Not sure if I'm posting in the correct group here or not but I'm having a little trouble with my dose/grind and would like some advice if possible. I've done a bit of googling but I think I've just confused myself. So here's a few numbers. Bear in mind I only have typical kitchen scales (salter digital) so I can only weigh to a whole number. I'm currently dosing 18 grams and getting 2oz in about 24-25 seconds from when the pump starts. The weight of the shot however is 48 grams. From what I've read am I aiming for a 2:1 ratio? That would mean I'd expect to see the final weigh in at 36 grams if my math is still half decent haha. I basically want to try to hit this ratio to see if I can notice a difference in the taste. I'm still a newb so I'm just basically finding my feet a little with all this and having loads of fun experimenting. Any advice is very welcome. Oh forgot to mention yes I'm using the dtp with a dose control pro to grind up my beans. Beans are a medium roast, not sure if that makes a difference or not.

Thanks


----------



## MWJB (Feb 28, 2012)

Get some scales with higher resolution, say 500g or more total weight, but read in 0.1g increments. It would be useful if the scales were large enough to take your PF, without you having to remove & fit loaded baskets when weighing.

In the meantime, doesn't the DTP come with Sage's Razor? Why not use that to determine your dose weight (not for every brew, just to establish a start point for headspace).

Sounds like you are set too coarse on grind setting.

You say you are aiming for 36g...so how are you ending up with 48g? Forget fl. oz. Kill the shot earlier to get 36g. If the shot is running so fast you get 36g in an abnormally short time grind finer. Stick to the same ratio, dose weight & only adjust grind, see what effect that has on taste, if at 2:1 you can't get a balanced shot no matter the grind setting, then maybe explore longer ratios, like 3:1.

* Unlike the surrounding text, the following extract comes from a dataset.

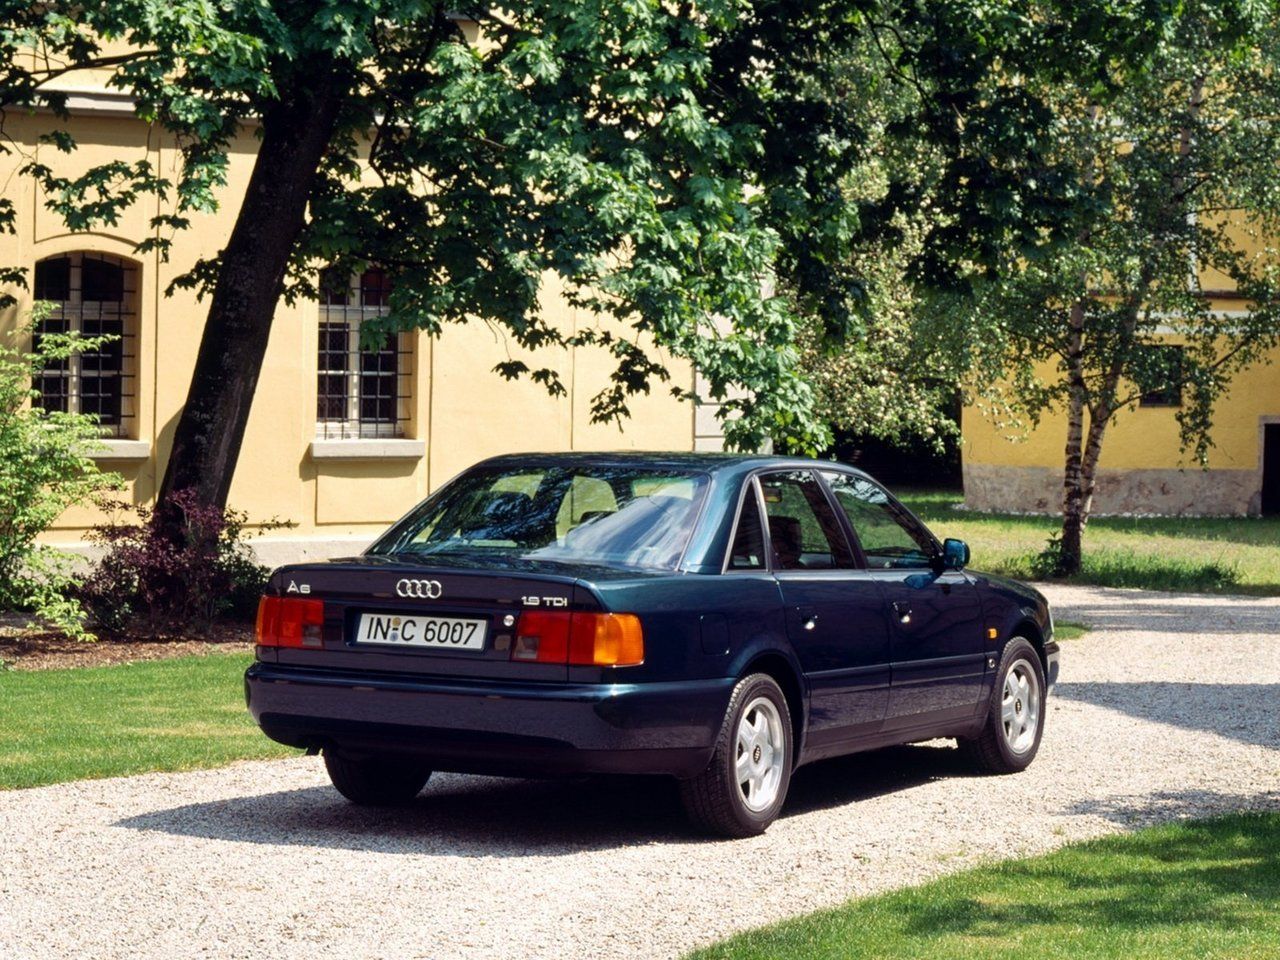 06 06 1990. Audi a6 c4 1994. Audi a6 c4, 1994-1997, седан. Audi a6 1994. Audi a6 c4 1997.

Brew ratio sets the target strength (shorter = stronger, longer = weaker), flavour balance is driven more by grind setting, changing the ratio should give balanced shots at a range of ratios, unless your ratio is too short to allow a proper extraction with your grinder/set up.


----------



## filthynines (May 2, 2016)

I use DTP with the Smart Grind Pro (not sure if this is earlier or later than your Sage grinder) and I find that my espresso grind setting is usually 3 or 4, but ranging from 1 to 5. I single-dose beans into the hopper rather than fill the hopper. This way I can weigh 18g in and can weigh 36g out.


----------



## joey24dirt (Jan 28, 2017)

MWJB said:


> Get some scales with higher resolution, say 500g or more total weight, but read in 0.1g increments.

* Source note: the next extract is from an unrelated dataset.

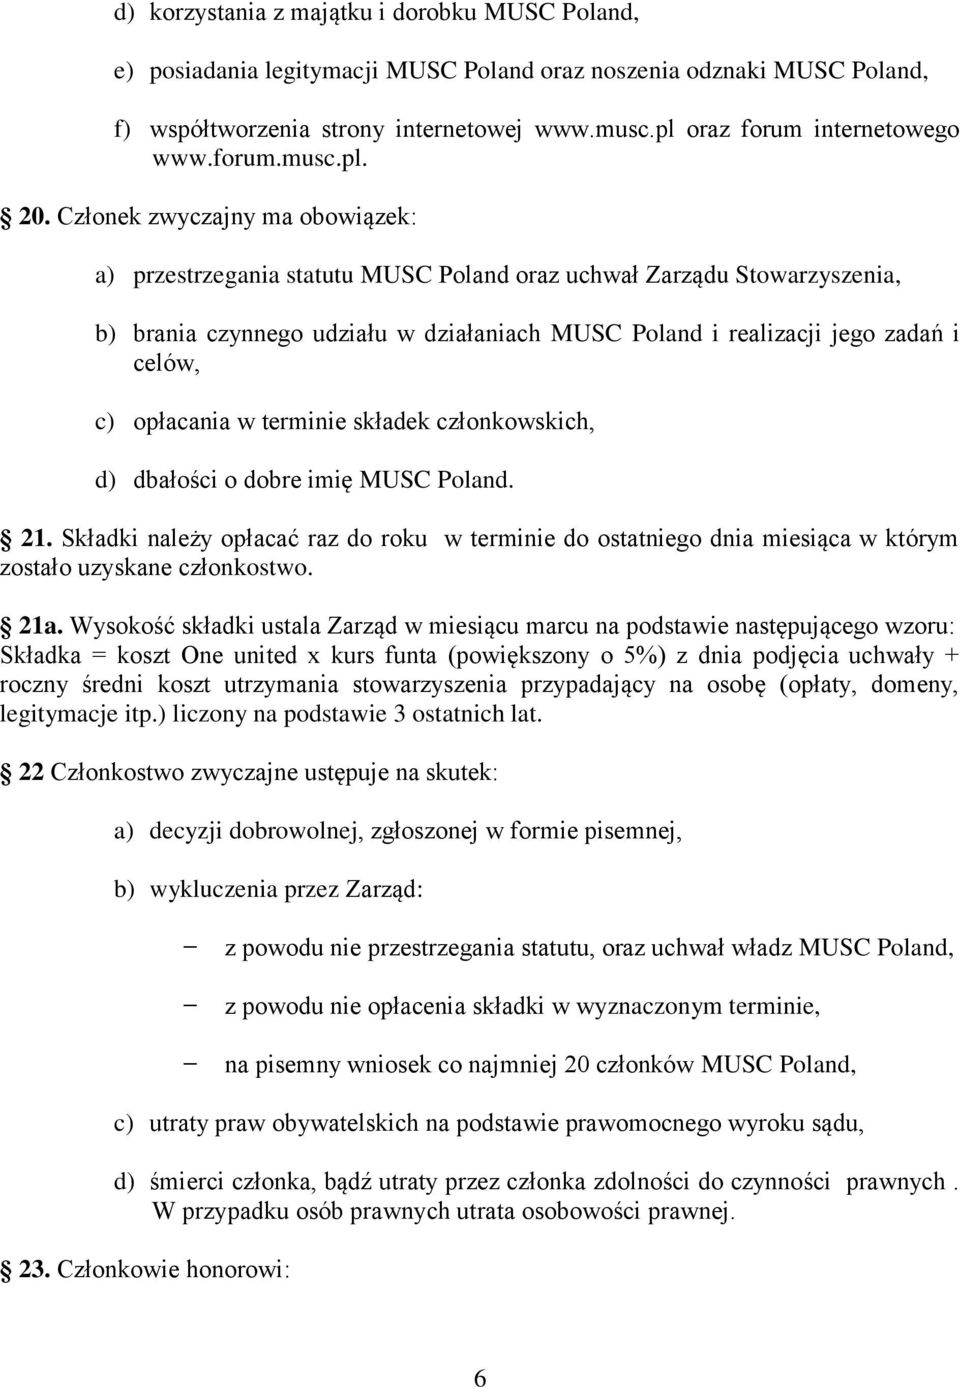 Członek zwyczajny ma obowiązek: a) przestrzegania statutu MUSC Poland oraz uchwał Zarządu Stowarzyszenia, b) brania czynnego udziału w działaniach MUSC Poland i realizacji jego zadań i celów, c)

Any budget recommendations for scales? Thanks for the brilliant reply alsow


----------



## joey24dirt (Jan 28, 2017)

filthynines said:


> I use DTP with the Smart Grind Pro (not sure if this is earlier or later than your Sage grinder) and I find that my espresso grind setting is usually 3 or 4, but ranging from 1 to 5. I single-dose beans into the hopper rather than fill the hopper. This way I can weigh 18g in and can weigh 36g out.


my set up is only a couple of months old so I'm guessing it's the newest they have done. I'll try those settings and see where I end up. Thanks


----------